TASK DATA –
· · · · ·

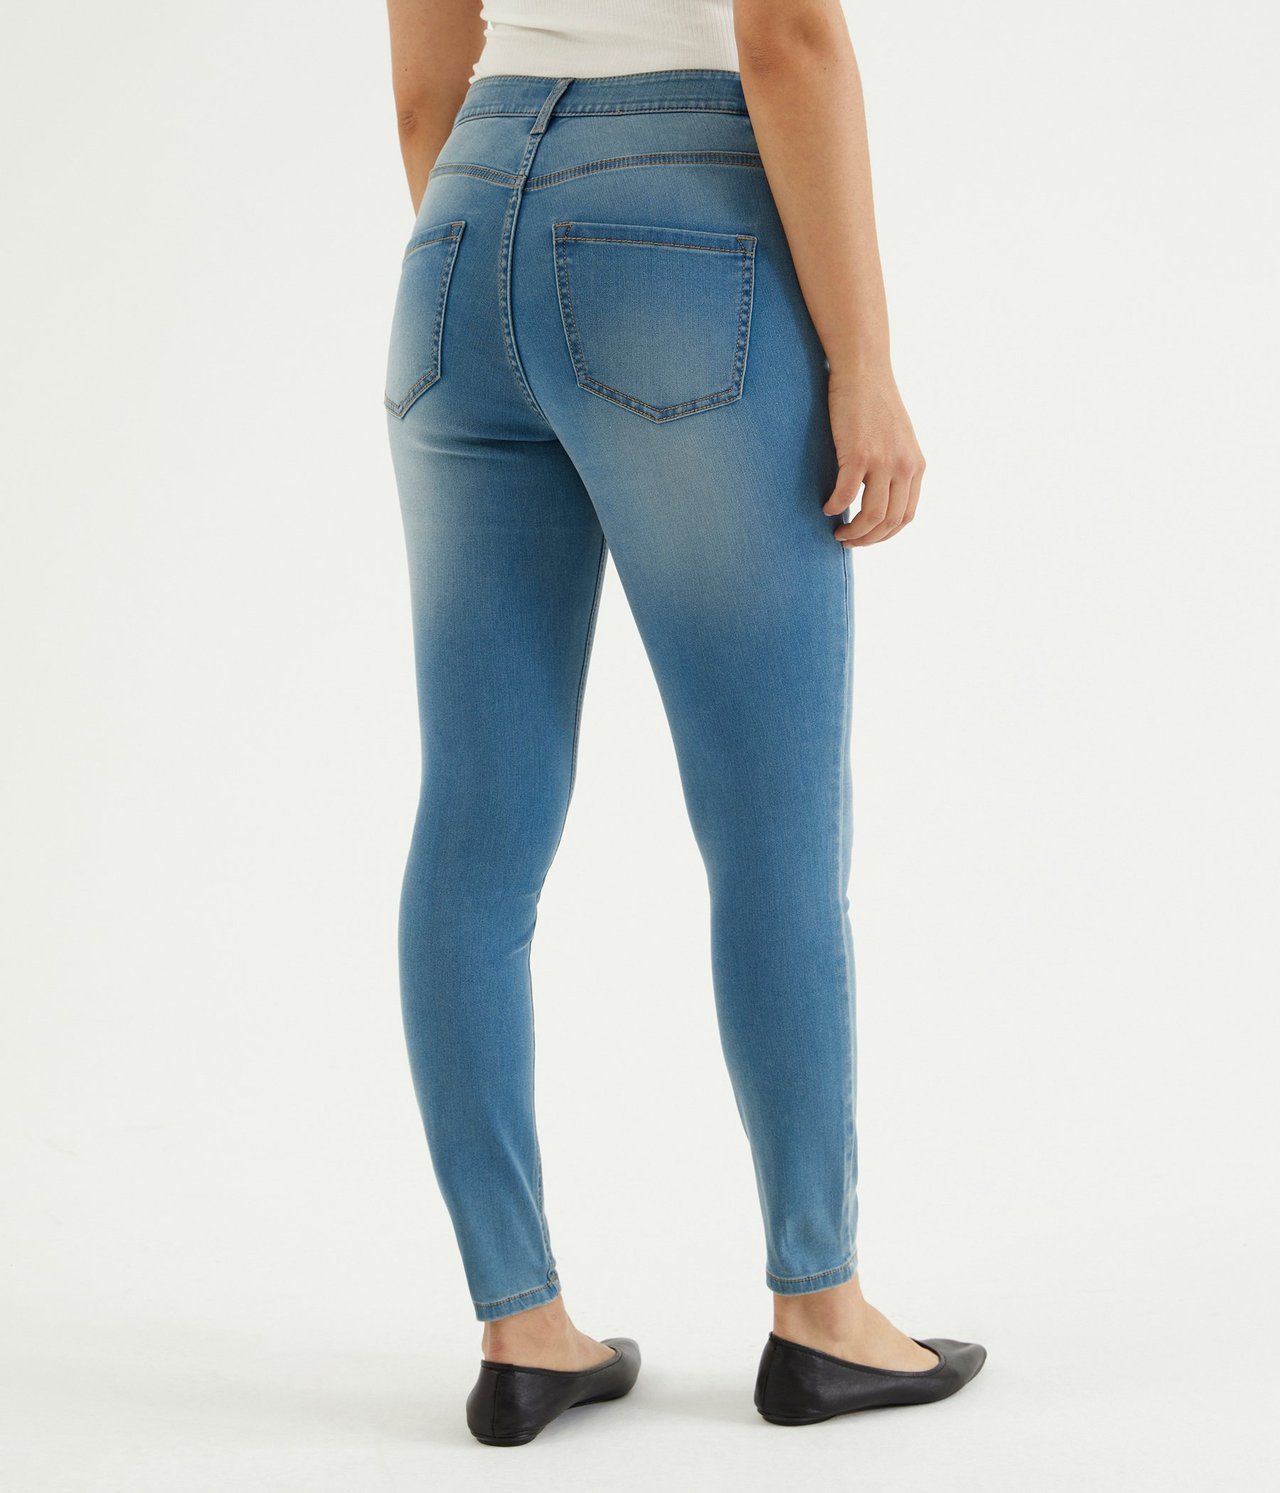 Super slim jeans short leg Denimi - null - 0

· · · · ·

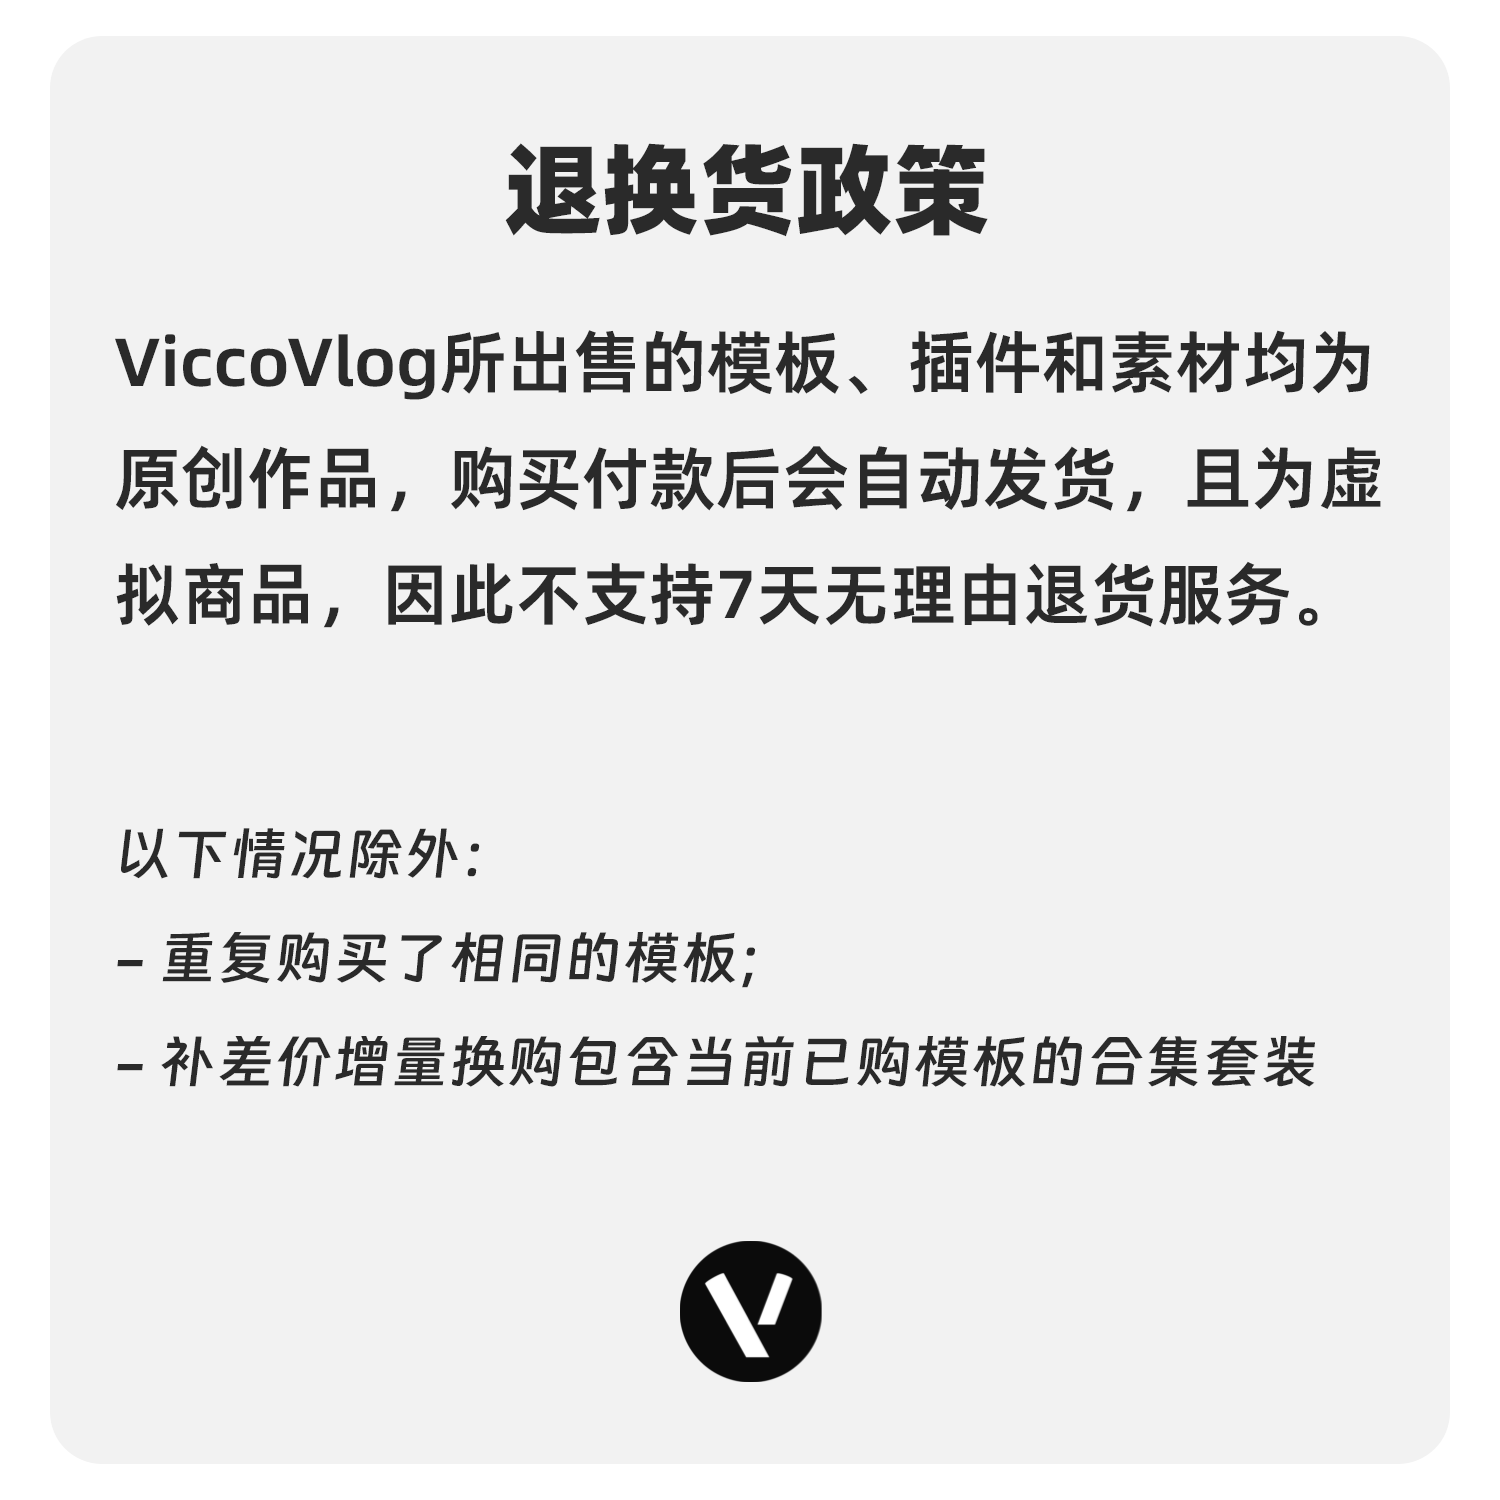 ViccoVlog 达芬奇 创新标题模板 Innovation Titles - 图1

· · · · ·

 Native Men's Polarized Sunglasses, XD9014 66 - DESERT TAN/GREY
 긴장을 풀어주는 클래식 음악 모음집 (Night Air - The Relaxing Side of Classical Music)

· · · · ·

YOUR TASK –
When the line with "Native Men's Polarized" is reached in the data above, start copying there, and copy each line exactly until the line with "긴장을 풀어주는 클래식" has been copied; copy nothing else.

WRITTEN RESPONSE –
 Native Men's Polarized Sunglasses, XD9014 66 - DESERT TAN/GREY
 긴장을 풀어주는 클래식 음악 모음집 (Night Air - The Relaxing Side of Classical Music)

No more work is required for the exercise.